**YOUR ASSIGNMENT**
In the entries that follow, the lines from the line containing "Neue Justiz (NJ), Zeitschrift" up to and including the line containing "Honda Civic Ex 2000 Interior" must be copied exactly, with pictures omitted.

**SUPPLIED RECORDS**
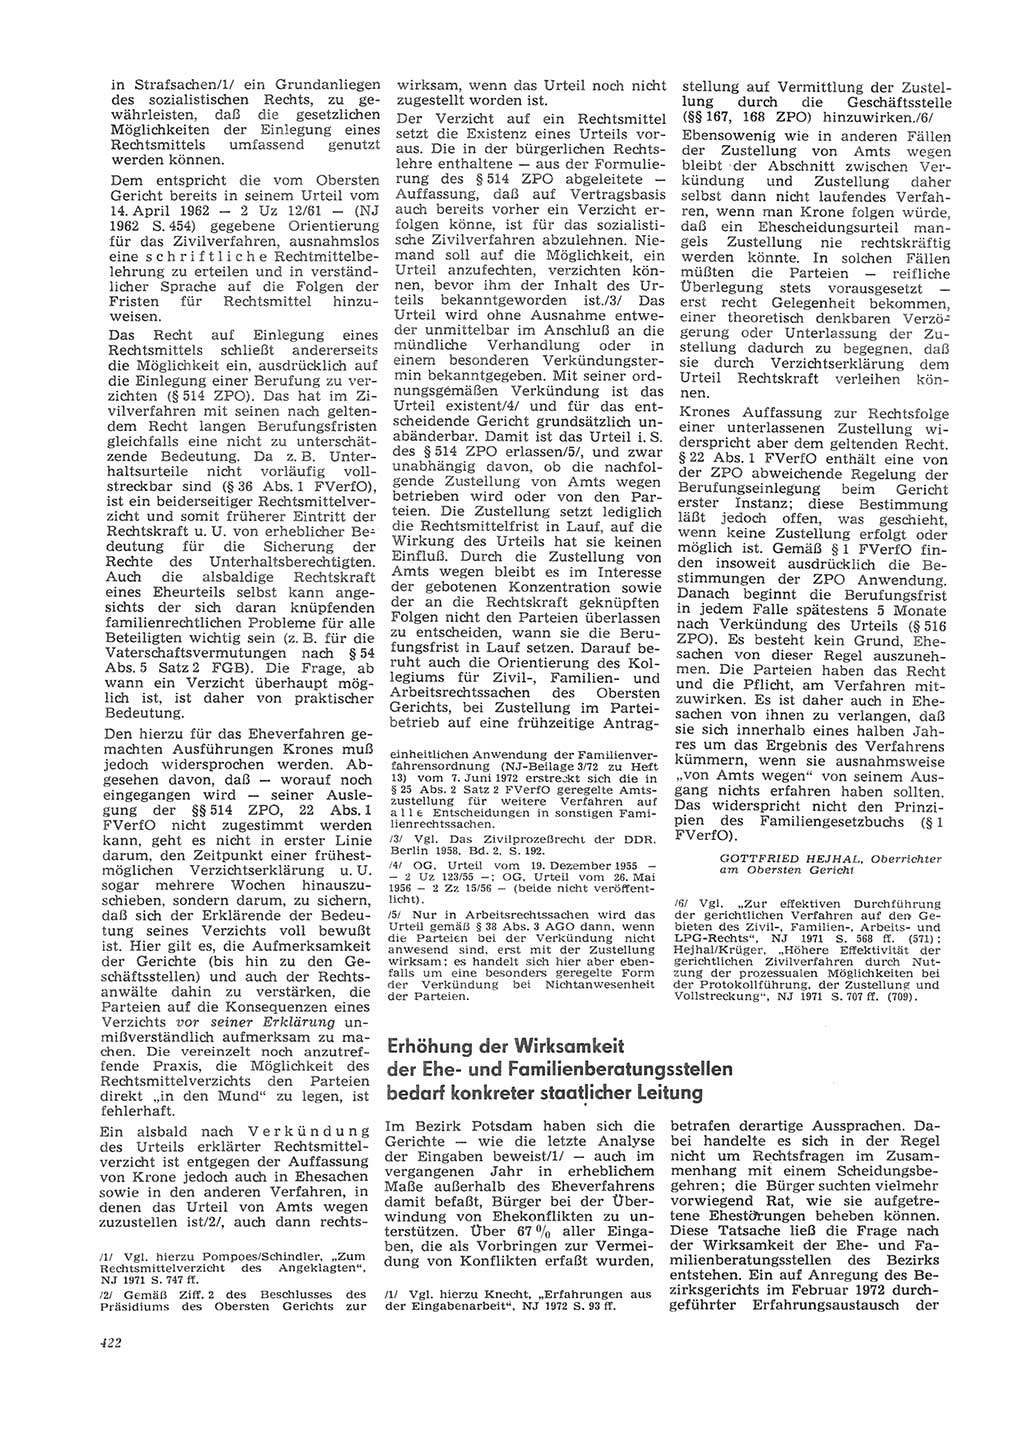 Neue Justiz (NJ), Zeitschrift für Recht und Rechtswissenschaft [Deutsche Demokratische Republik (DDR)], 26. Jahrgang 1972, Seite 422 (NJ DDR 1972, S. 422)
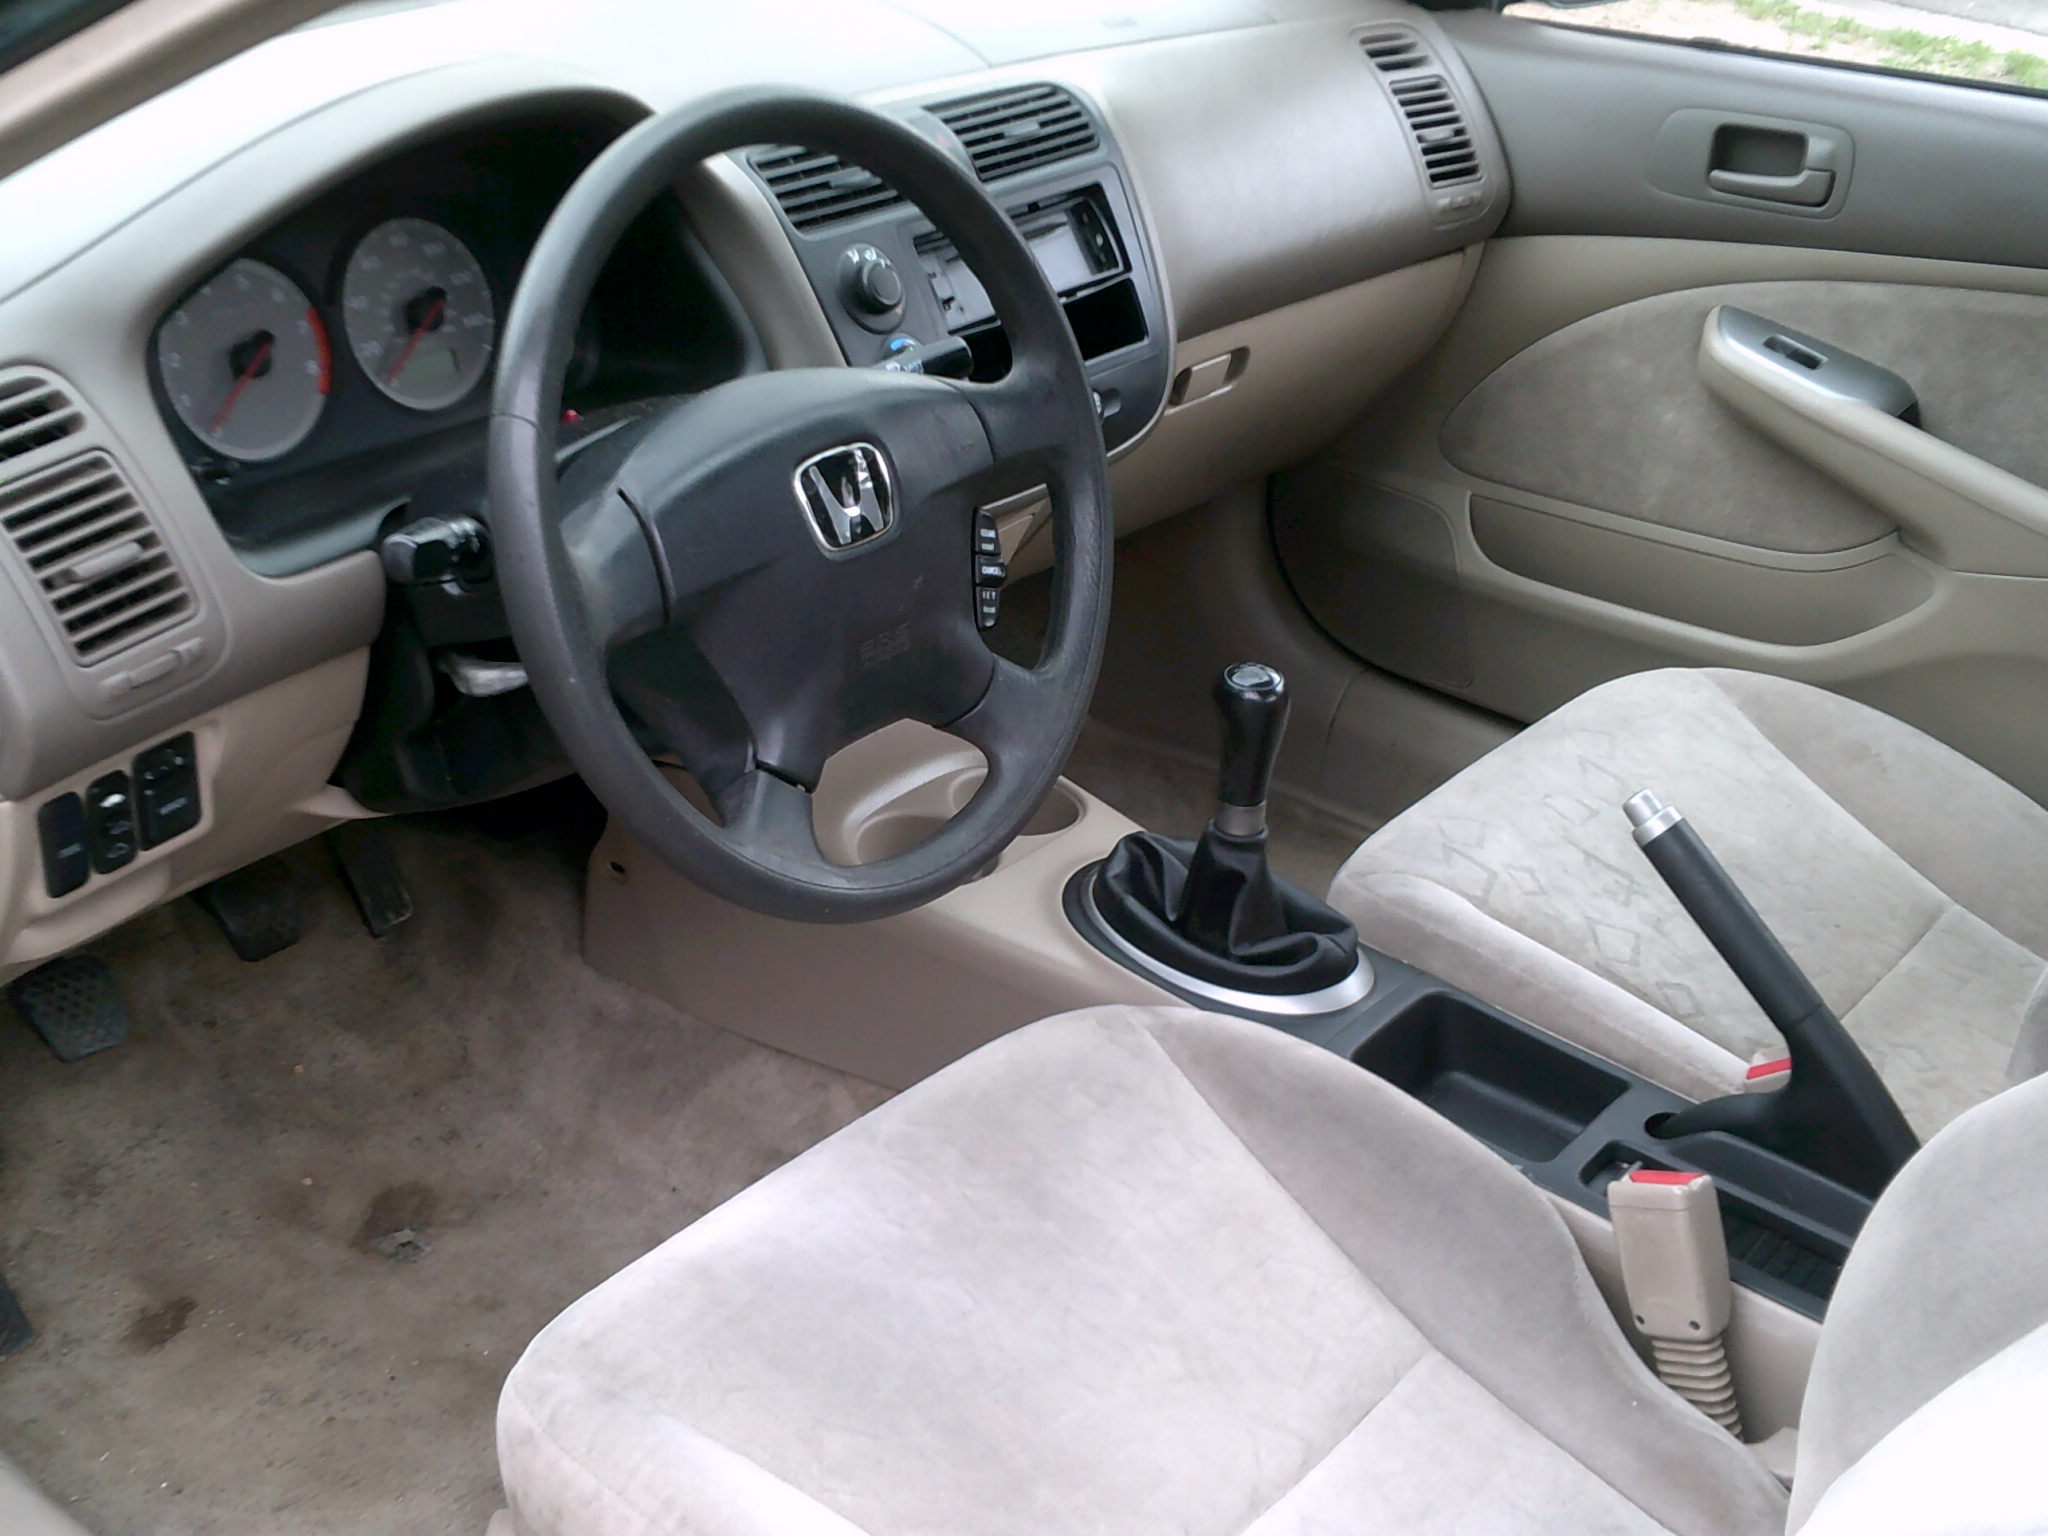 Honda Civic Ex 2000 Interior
* * *
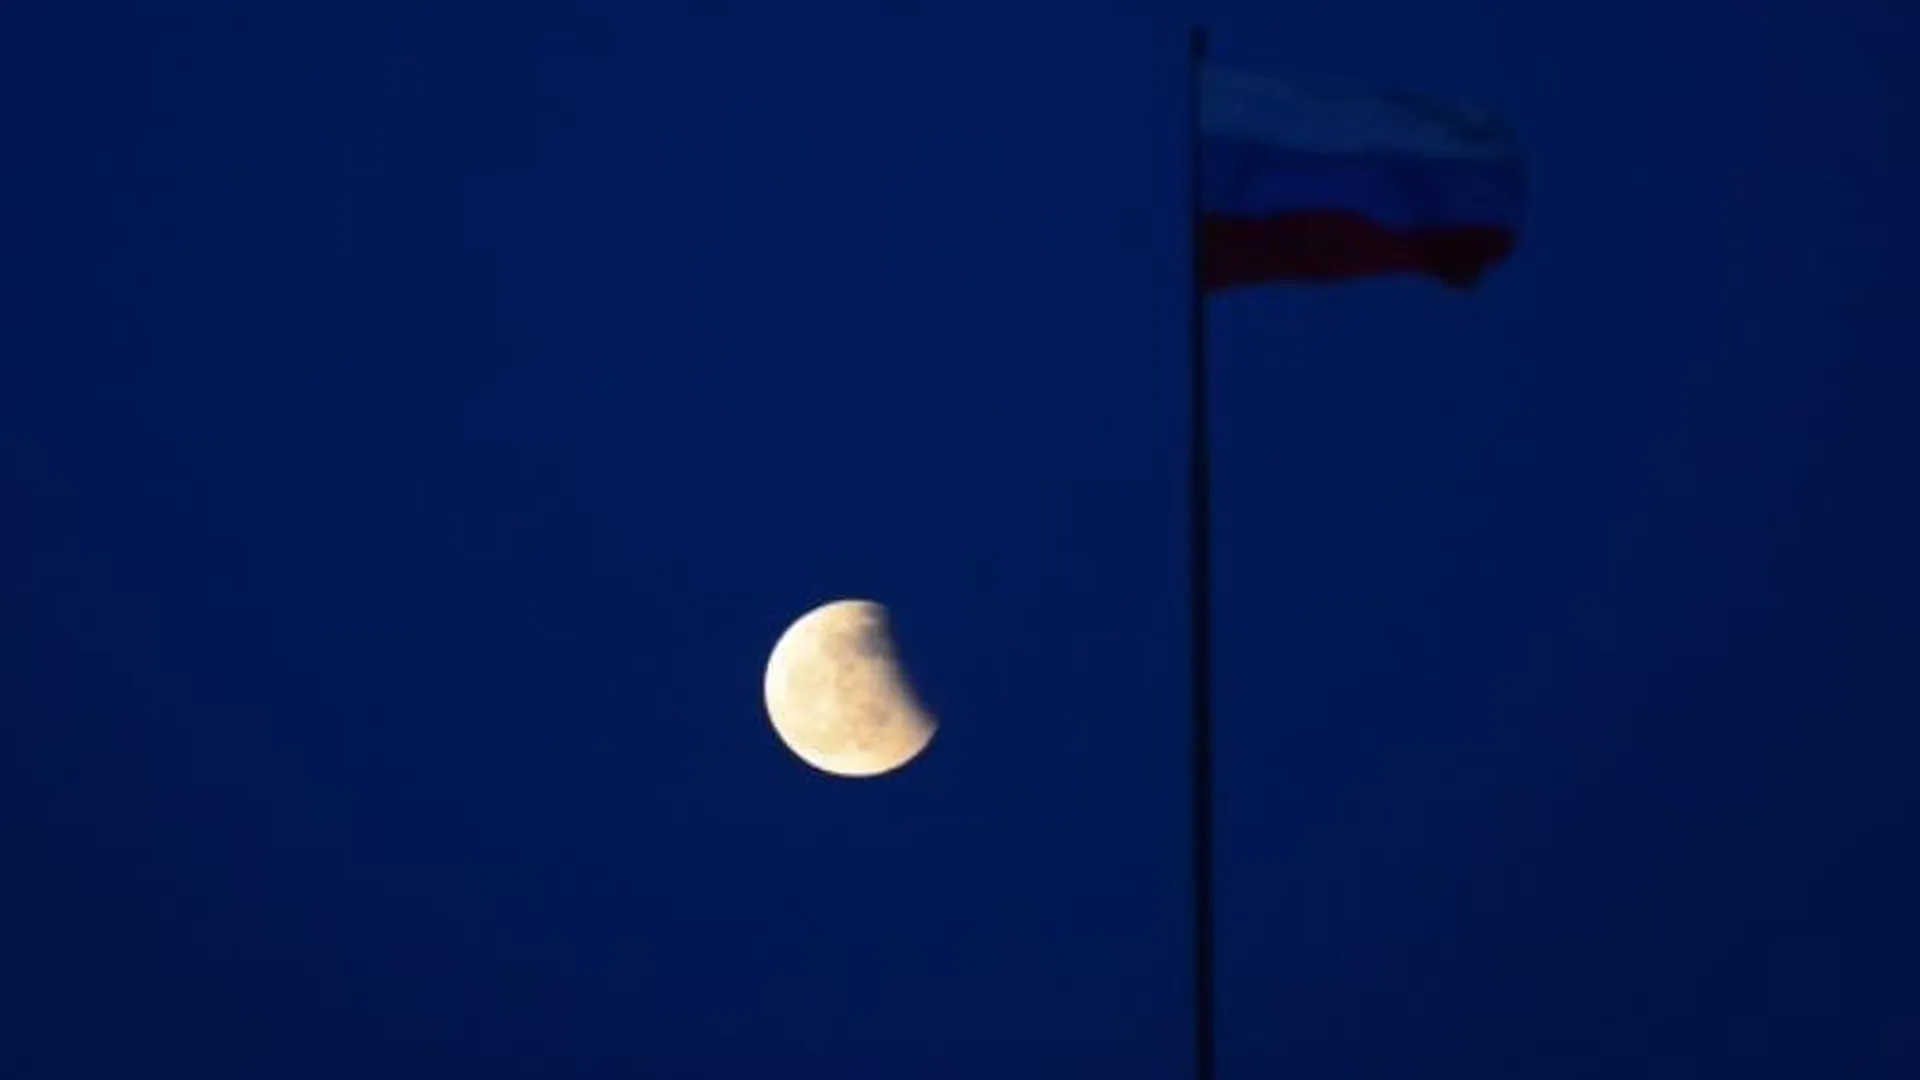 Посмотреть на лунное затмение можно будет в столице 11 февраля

**EXERCISE SOLUTION**
 Neue Justiz (NJ), Zeitschrift für Recht und Rechtswissenschaft [Deutsche Demokratische Republik (DDR)], 26. Jahrgang 1972, Seite 422 (NJ DDR 1972, S. 422)
 Honda Civic Ex 2000 Interior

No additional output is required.